The haul path was designed by someone who hated debtors. Rook’s breath burned in his throat after the third turn. Men ahead of him slowed. Someone behind him shoved his barrow’s back rim with a boot, trying to steal distance so the collar wouldn’t sting him.
"Watch it," Rook snapped, turning his head just enough. A broad man with a shaved scalp grinned at him. "Move faster, Varren. You want to be useful, right?" Rook didn’t take the bait. He faced forward and pushed.
The collar stung again, not because he was slow, but because the guard on the catwalk above flicked his control rod like a man tapping a drum. A guard voice echoed down. "Keep the line tight! No gaps!" Rook kept the gap as small as he could without ramming the man ahead.
Ramming meant a fight. A fight meant collars. Collars meant men on the ground twitching while guards laughed. He reached the dumping bay and heaved the barrow handles up. Bloodstone slid into the cart with a scrape that set his teeth on edge. He didn’t watch it fall. Watching made him want.

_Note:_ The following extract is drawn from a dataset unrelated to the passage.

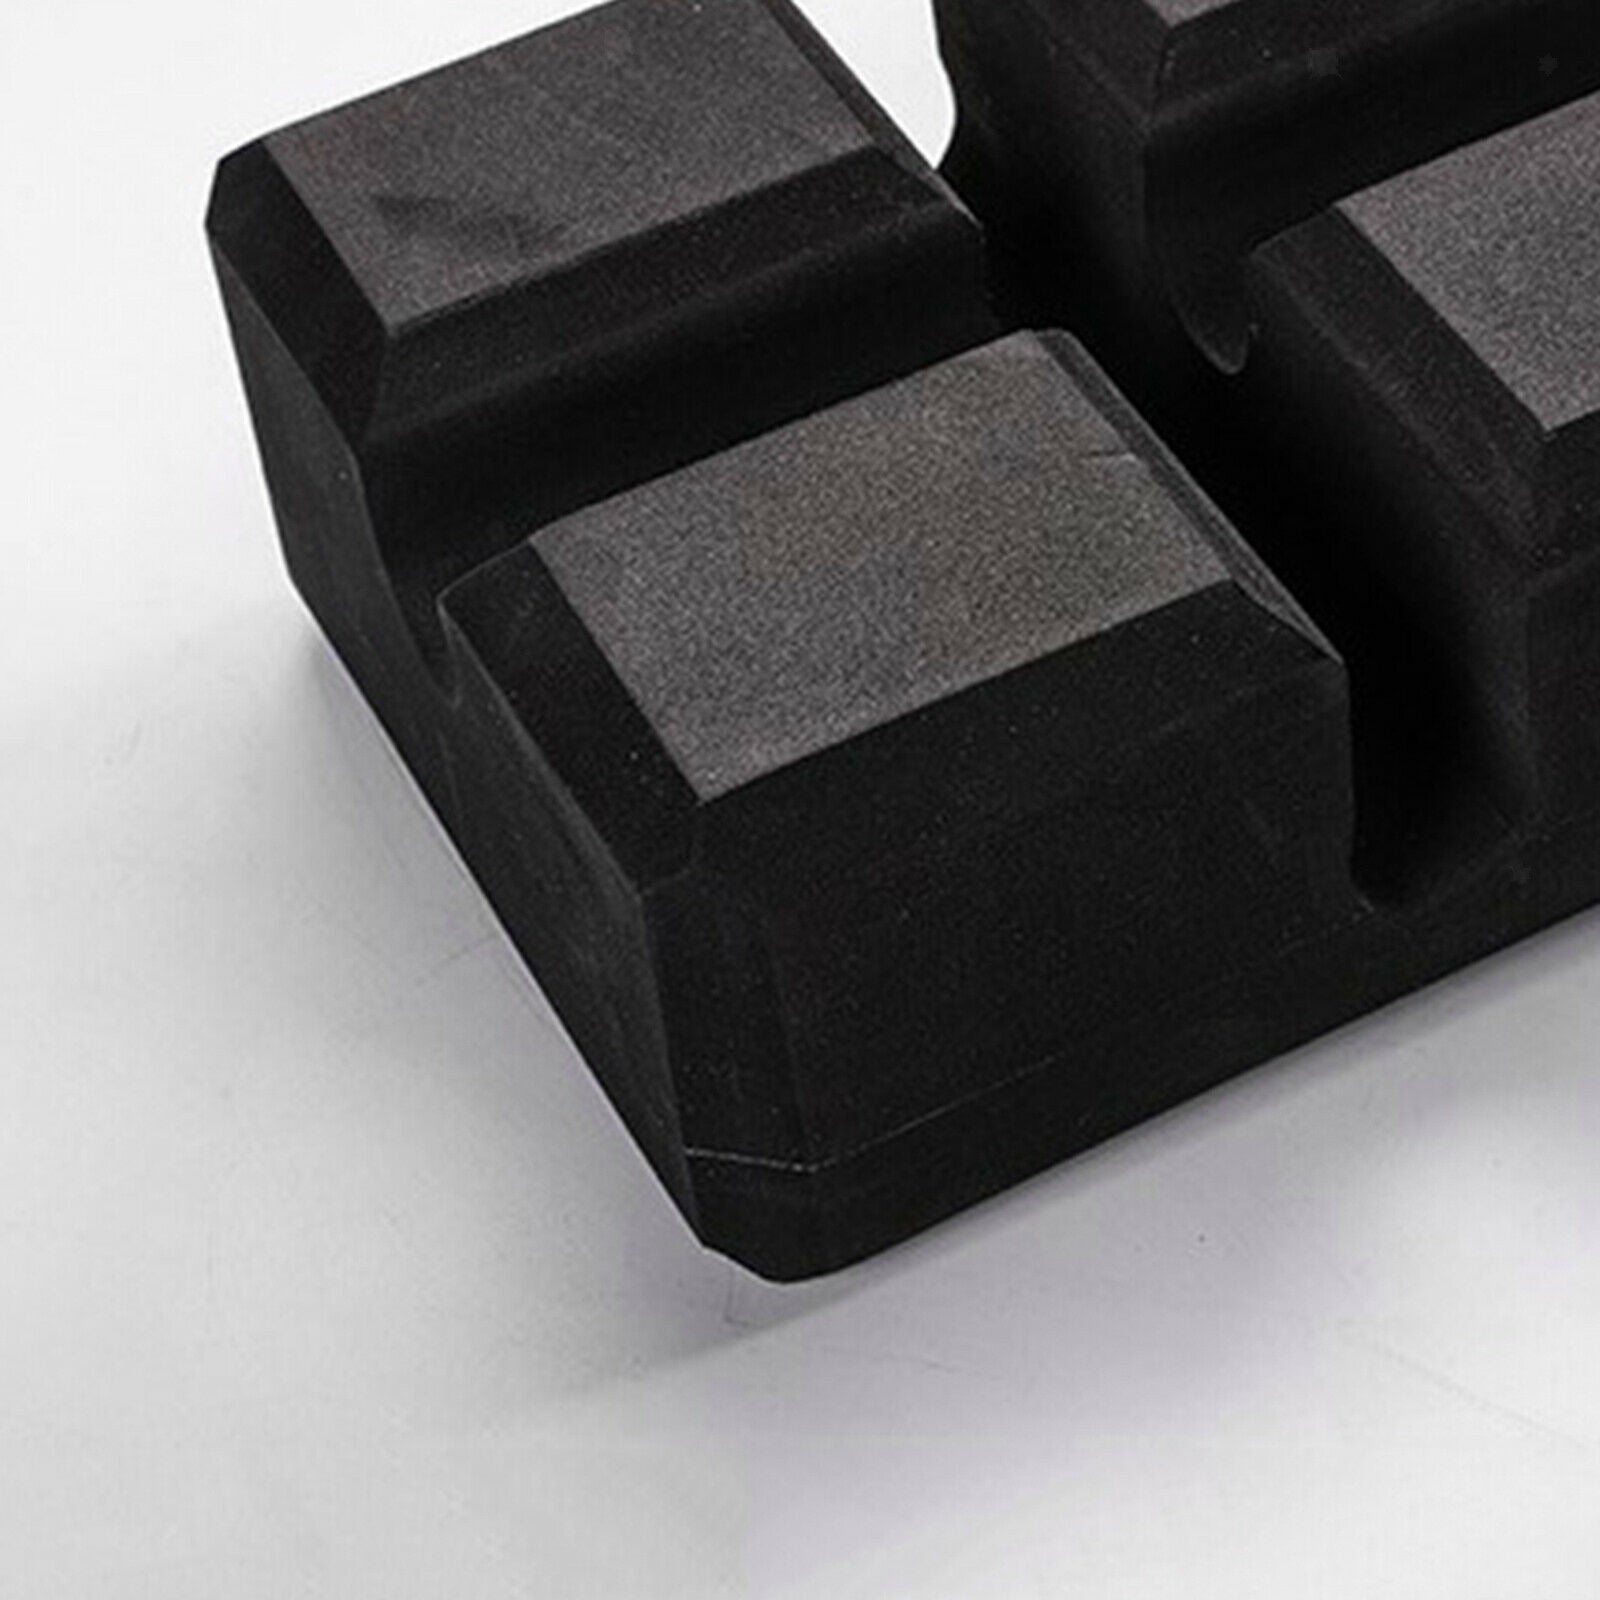 Bench Press Block Home Olympic Bar Foam Pad Forearm Toning Trainer Aids

The cart handler, a guard with a ledger, marked a notch. Not for Rook. For the pit. Rook set the barrow down and turned it back toward the cutters. The return run was supposed to be easier. It never was.
The empty barrow bounced and the collar punished jolts, like it was training a dog. By the fifth run, sweat soaked his shirt and made the collar rub. It didn’t take much for it to draw blood. Blood under a collar meant infection, and infection meant you got traded cheap. He kept his shoulders loose and his hands tight.